Convicted Russian agent Maria Butina meets with journalists at Sheremetyevo International Airport in Moscow, Russia, October 26, 2019. (Tatyana Makeyeva/Reuters)

For several years, in the aftermath of Donald Trump’s election, we heard from a lot of folks in Washington that the Russian government had unparalleled propaganda, disinformation, and influencing tools and was shaping the debate and American opinions with terrifying effectiveness. (Some of us took a look and saw wide-ranging efforts but no evidence that those Russian efforts actually swung the election. Self-identified “very conservative” Facebook users were not going to vote for Hillary Clinton.)

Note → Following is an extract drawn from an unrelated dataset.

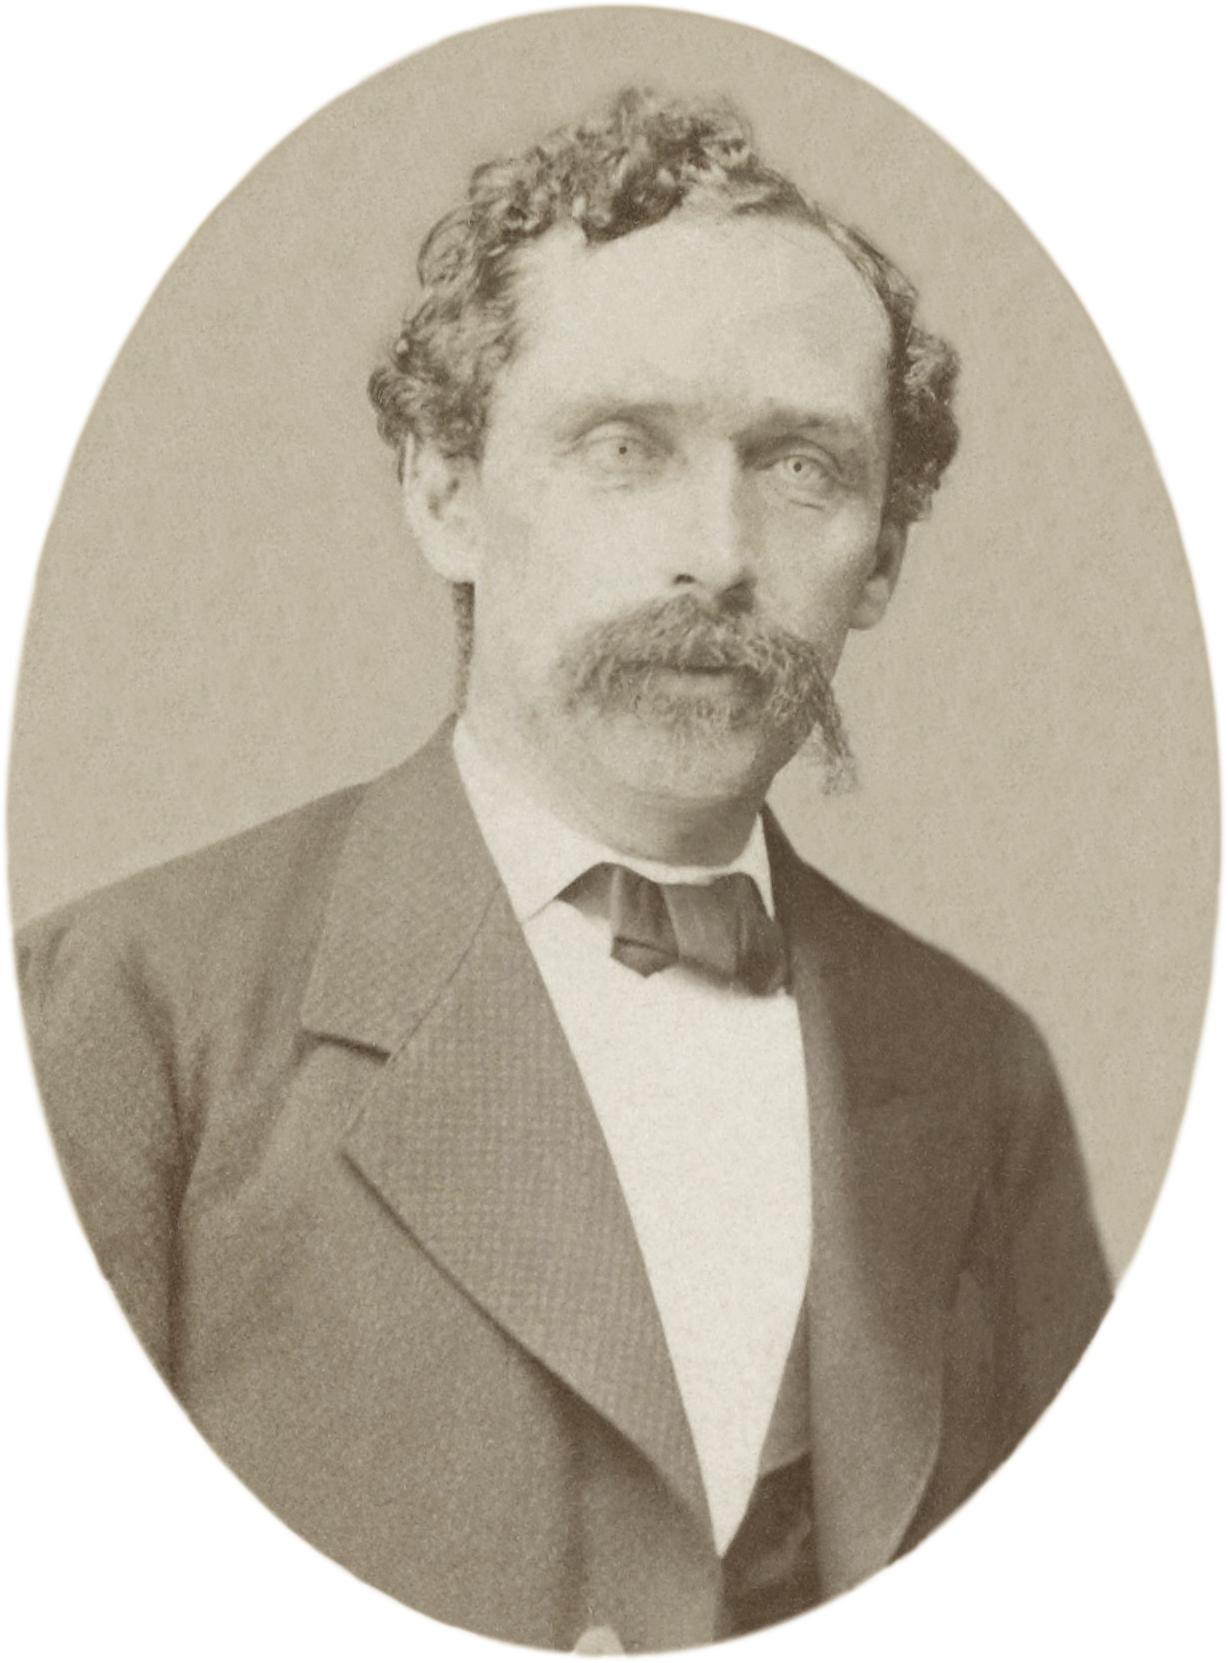 Depiction of Gustav Nachtigal

Now that Maria Butina — the redheaded Russian spy who pled guilty to conspiracy charges back in 2018, spent 15 months in prison, and moved back to Russia — is telling the BBC that the Ukrainians are bombing their own cities, can we all agree that the Russian government’s overseas propaganda and disinformation programs were overhyped?

Go figure, it turns out Russia cannot brainwash significant numbers of Westerners into buying their propaganda. You can’t spin an invasion, shelling cities, bombing maternity hospitals, or thermobaric weapons. Russia may dump a lot of money, time, and effort into shaping Western views of the country, its regime, and their agenda. There’s little sign that it is working.